His mental checklist also comes down to thinking about simple choreography: “Stick to the basics. Lift on your rein. Throw your feet forward. Stay in your swells.”
The swells refer to the raised, widest area at the front of a Western saddle, positioned right behind the saddle horn. When a horse drops its head and kicks, the movement throws a rider’s weight forward. Riders use their legs to stay centered in the saddle, locking their knees and thighs against the swells while leaning back to stay balanced with the horse’s movement.
Davison approaches those moments similarly, reducing the ride to a few confident mantras. Before he gets on, he tells himself: “I’m a champion.
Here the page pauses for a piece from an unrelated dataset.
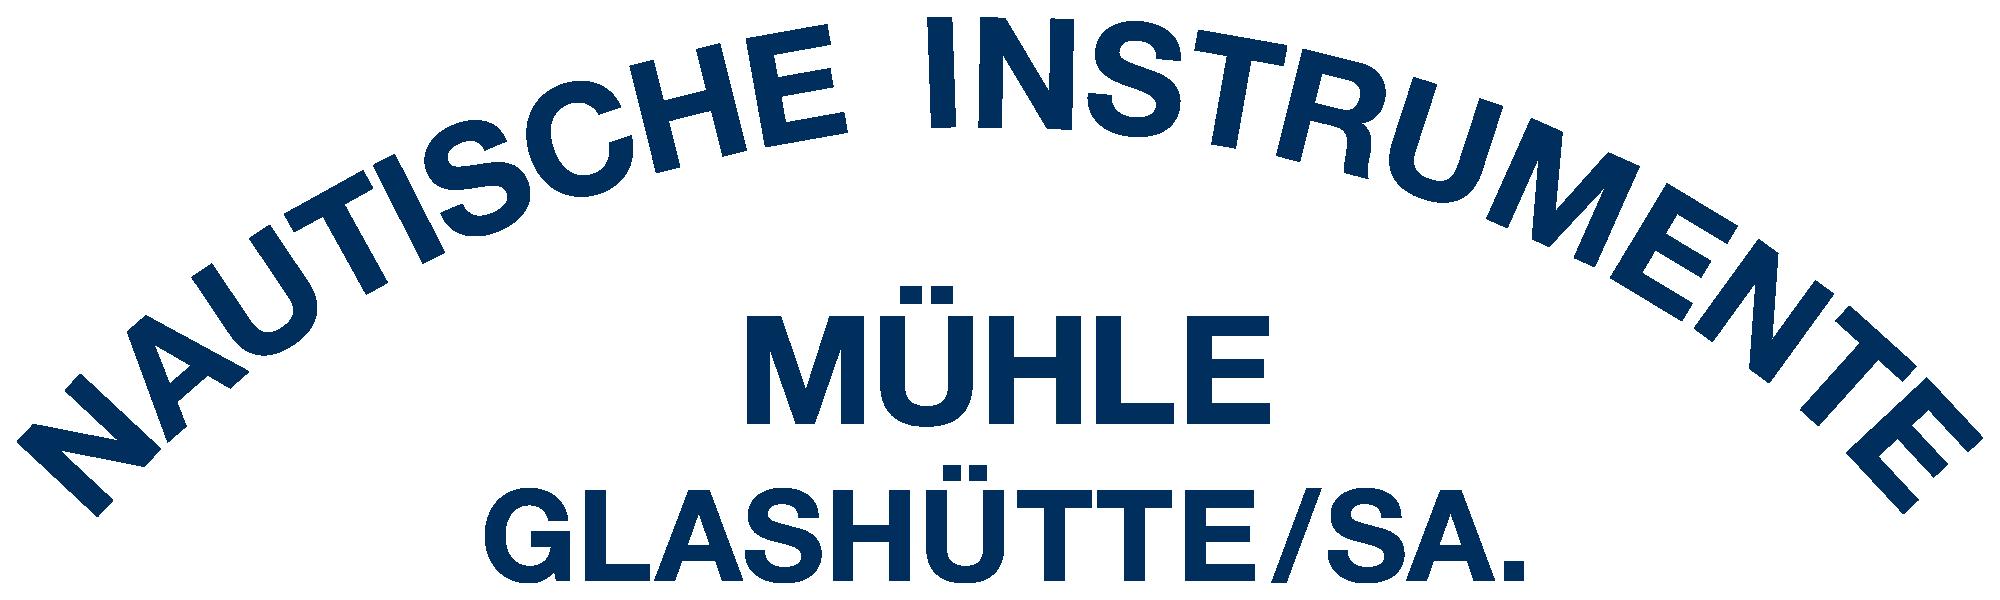 Mühle Glashütte logo
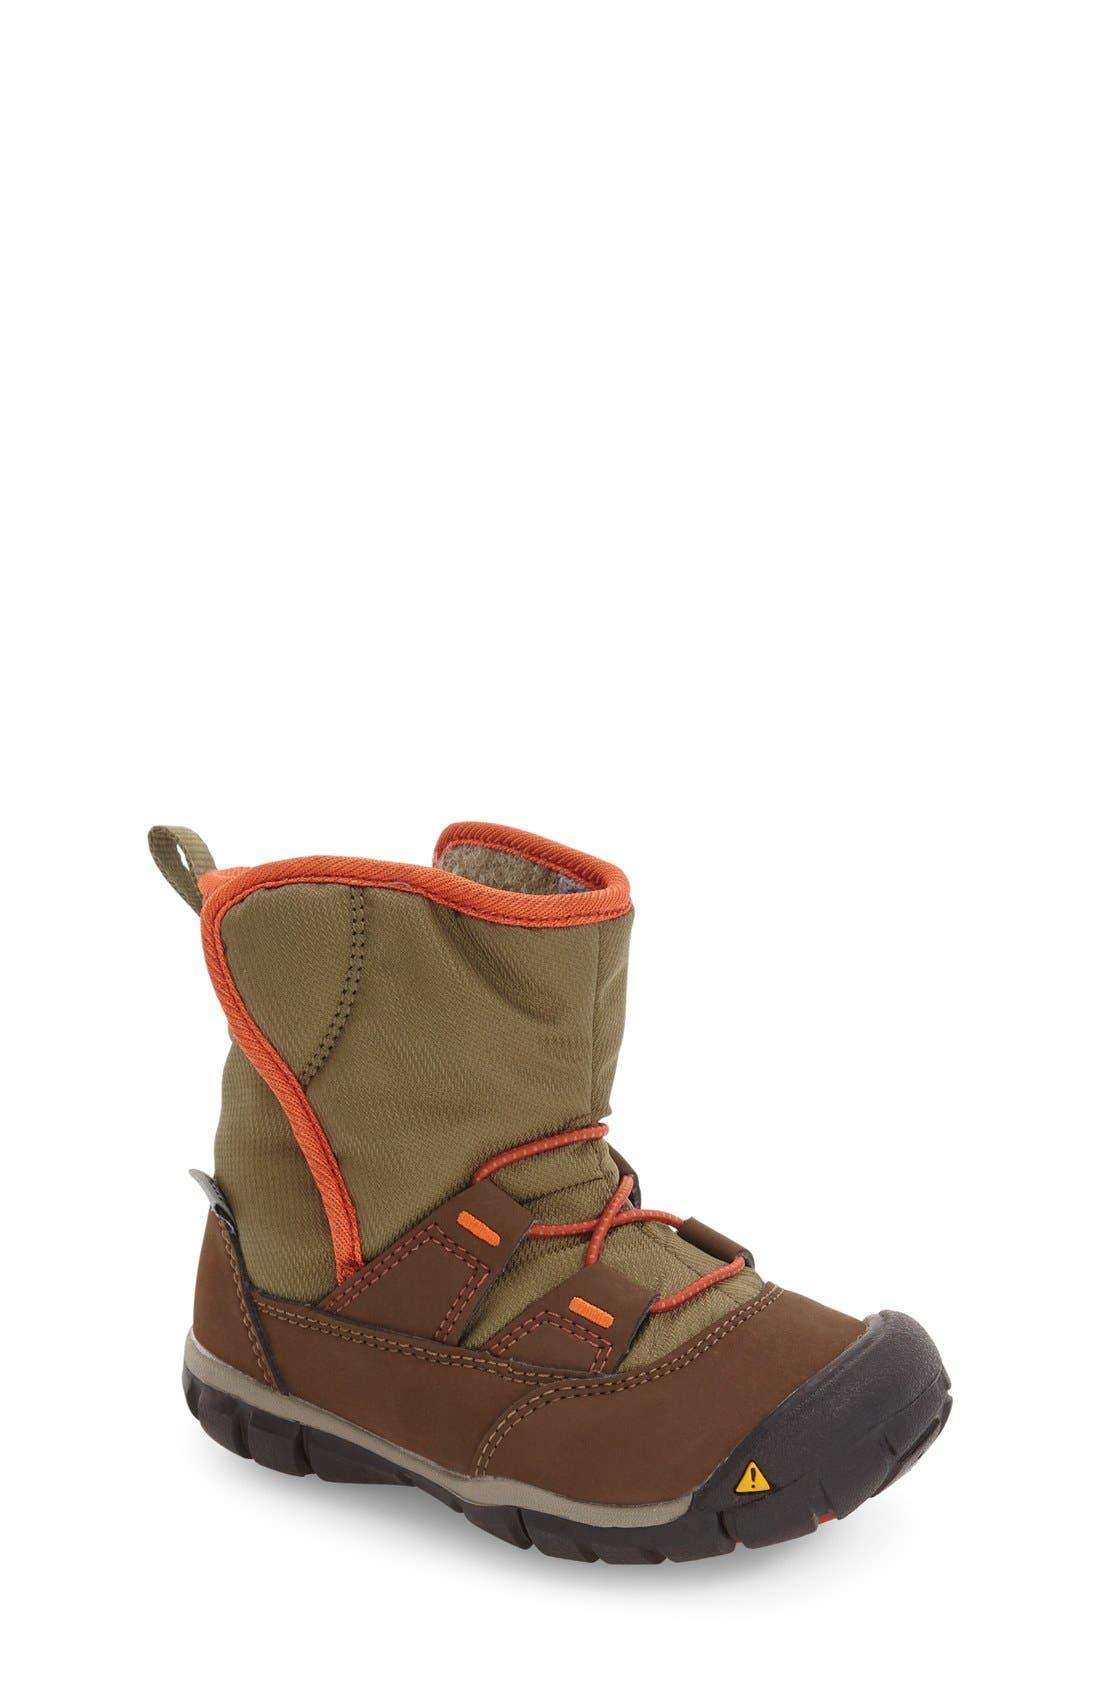 Peek-A-Boot Boot,                         Main,                         color, 201

There is no horse here that can buck me off.”
Once he climbs into the chute, Davison simplifies everything down to three things — the same advice he gives students he coaches at rodeo camps.
“Relax, stay back, set your feet,” Davison said. “I tell kids, think of only three things. Little mental footnotes that subconsciously you want to do during a ride.”
That confidence is built through repetition long before rodeo season starts. Riders spend hours practicing on spur boards, riding horses at home and training their bodies to react instinctively to a horse’s movement.
“You can feel it if you skip a couple of days,” Paz said. “It’s all quick reaction, quick timing.”
The physical demands of the job are brutal. Paz recently returned to competition after suffering a broken ankle, collapsed lung, broken ribs and wrist injuries over a three-year stretch.
Ultimately, success in the arena comes down to riders working closely with their horses. Both contribute to the final score out of 100 points, with half based on the rider’s control and rhythm and half on the horse’s bucking effort. Top finishers usually earn cash prizes. At this year’s 75th Annual Miles City Bucking Horse Sale, the championship payout was $75,000.
For a rider, success comes down to just a handful of seconds. In Miles City, the larger pursuit continues long after the dust settles: finding horses with the instinct to become great bucking stock — and athletes willing to hang on.